Ourselves and Reality Television

Let’s face it, even if we don’t watch reality television, it’s increasingly difficult to ignore. One of my ex-colleagues called to rant about his wife. He can hardly enjoy a good dinner with her. She’s hooked on reality television shows; so are his two young adult children. Yes, television reality programs enrapt us, while show hosts transform our gardens, our houses, bodies and faces right in front of us. The more extreme the makeover, the more we like it, the more we enjoy the show. We watch intently, while we think about ourselves. If only our dull lives are different, if only our modest apartments become our dream home, if only we can cook exotic food. Our ‘ifs’ overflow. Would our self-esteem be high? Would society be more accepting? Would we love ourselves more?

What is reality television? It is a genre of television programming in which events or destiny of ‘real life’ people are followed. There are three main types of reality television program. In the first, the viewer and the camera are passive observers following people going about their daily activities. In the second type, hidden cameras are rolling when random passers-by encounter a staged situation. The reactions of the passers-by can be funny or at times bizarre to watch, but also revealing truths about the human condition. The third type is called the ‘reality game shows,’ where the participants are filmed intensively in an enclosed environment while competing to win a prize. But what makes these more like ‘reality television’ than other game shows is that the viewing public usually plays an active role in deciding the outcome through a vote.

For all the hype of reality homeland project free tv, the basic premise of these programs isn’t new at all. These are tales as old as humankind and not a new phenomenon at all. Once upon a time it was the fairy godmother with magical powers who caused the miracle to happen, revealing the servant girl as the princess she always was or the kind princess who kissed the warty toad to free a real prince. Today, the reality television host or the program plays this same role, exercising the magical powers that only the show sponsors can provide.

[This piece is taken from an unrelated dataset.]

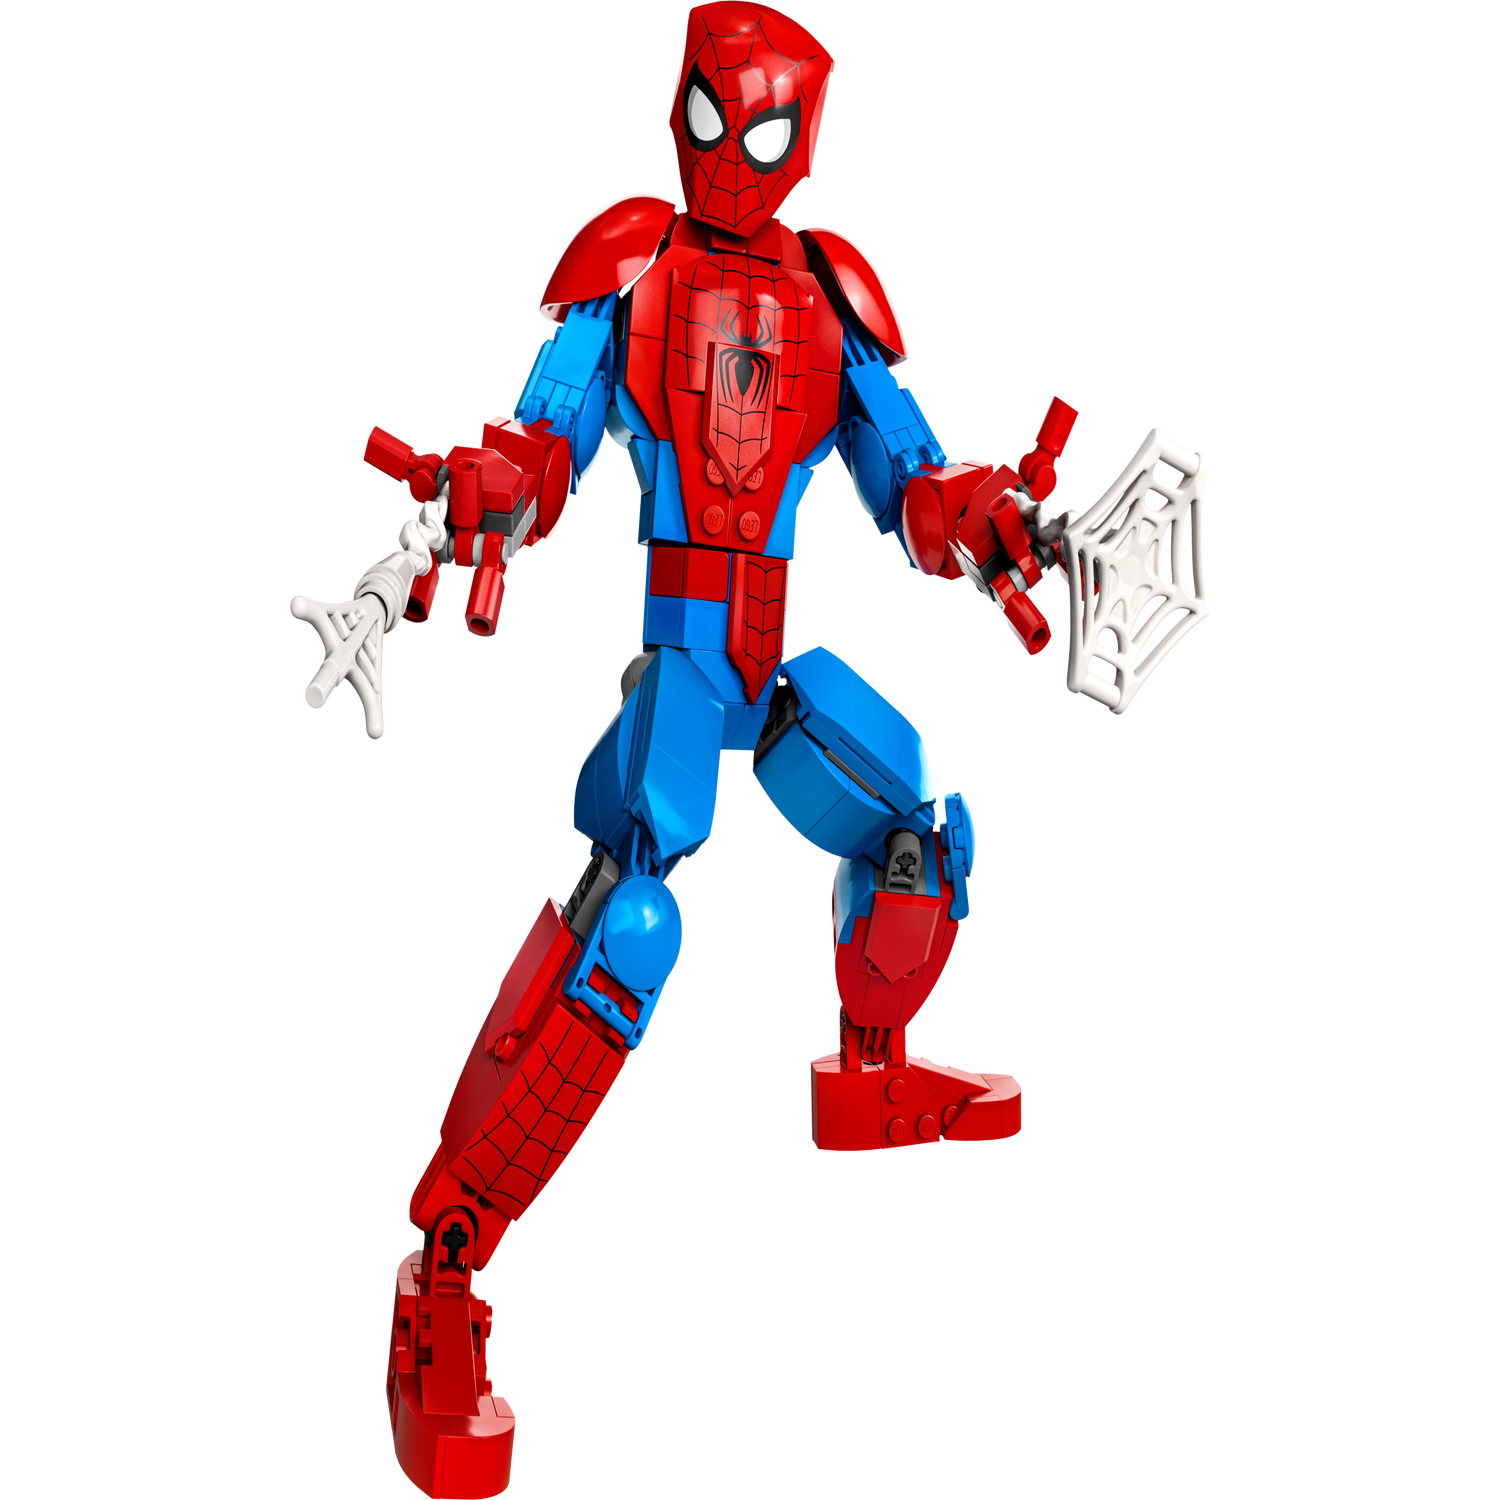 Jouet Spiderman Officiel: Achetez En ligne en Promo

What drives reality television? Human attributes, including fear, anxiety and desire. In terms of the ‘real people’ involved, two factors immediately come to mind: money and fame. The money part is obvious motivation. As to the fame part, the shows have made instant celebrities of ordinary people.

In the world of reality television, we are given no room to doubt that the dramatic transformations we are witnessing could not have been achieved without the intercession of the host and program team. Let’s also bear in mind that producers can control the format of the show, as well as manipulate the outcome. Tears of joy and gratitude flow readily. But what happens next?

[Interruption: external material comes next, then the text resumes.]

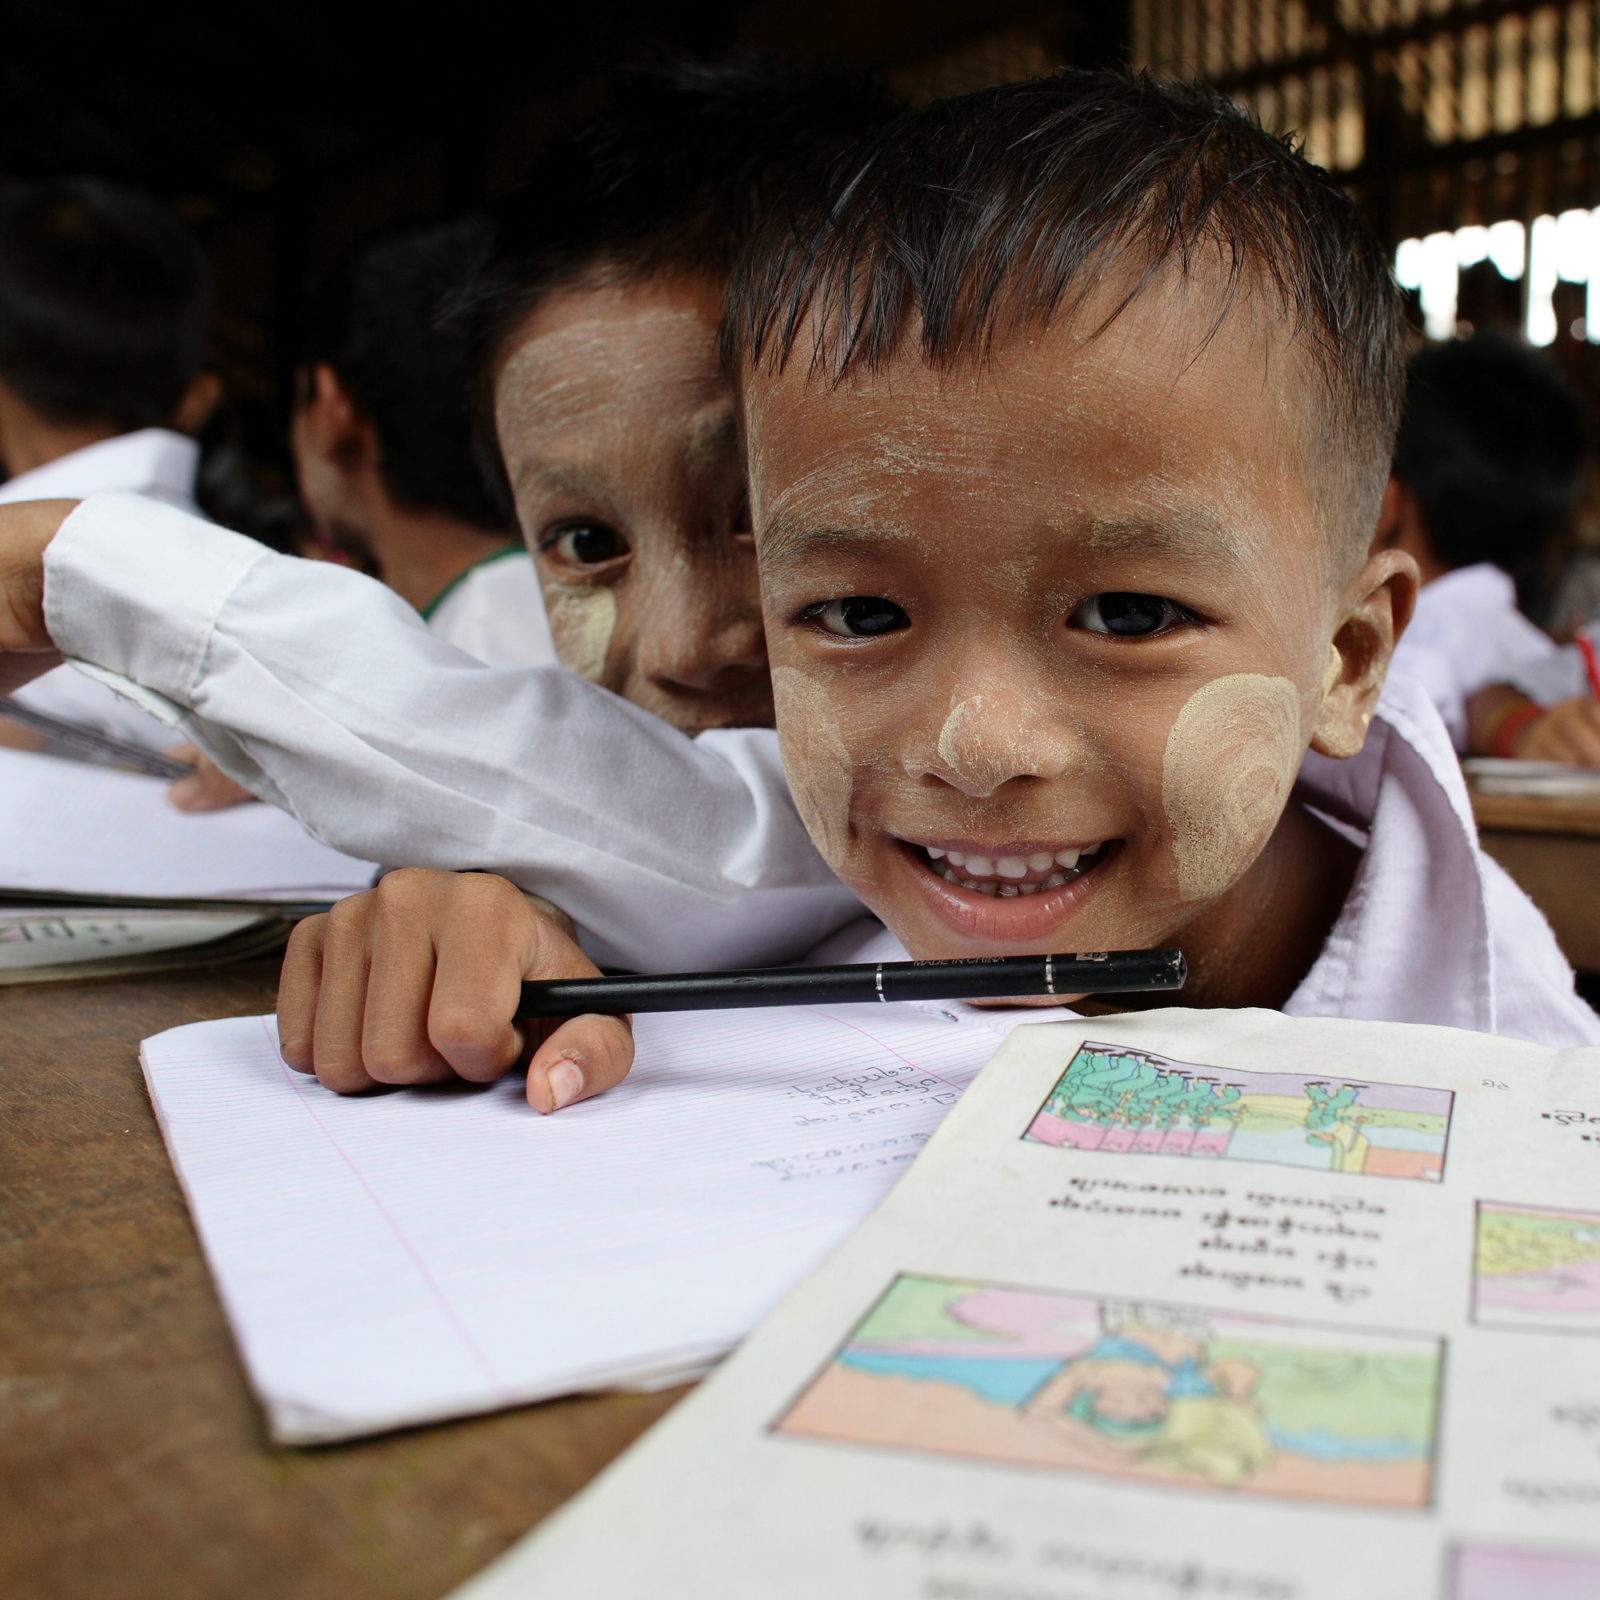 Närbild av leende pojke med, i Myanmar, traditionell vitmålning i ansiktet, sitter i klassrum med penna i handen.

In fairy tales, this is the point at which some version of ‘happily ever after’ ends the story poignantly and saves us from considering any murky emotional and psychological complexity. Beauty, goodness and happiness are consistently blended. How about reality television? Well, it stays faithful to the format. The issue then is not with reality television itself, but whether reality television is real enough. Away from the TV screen, appearances aren’t everything, and outer changes don’t necessarily replace inner truths.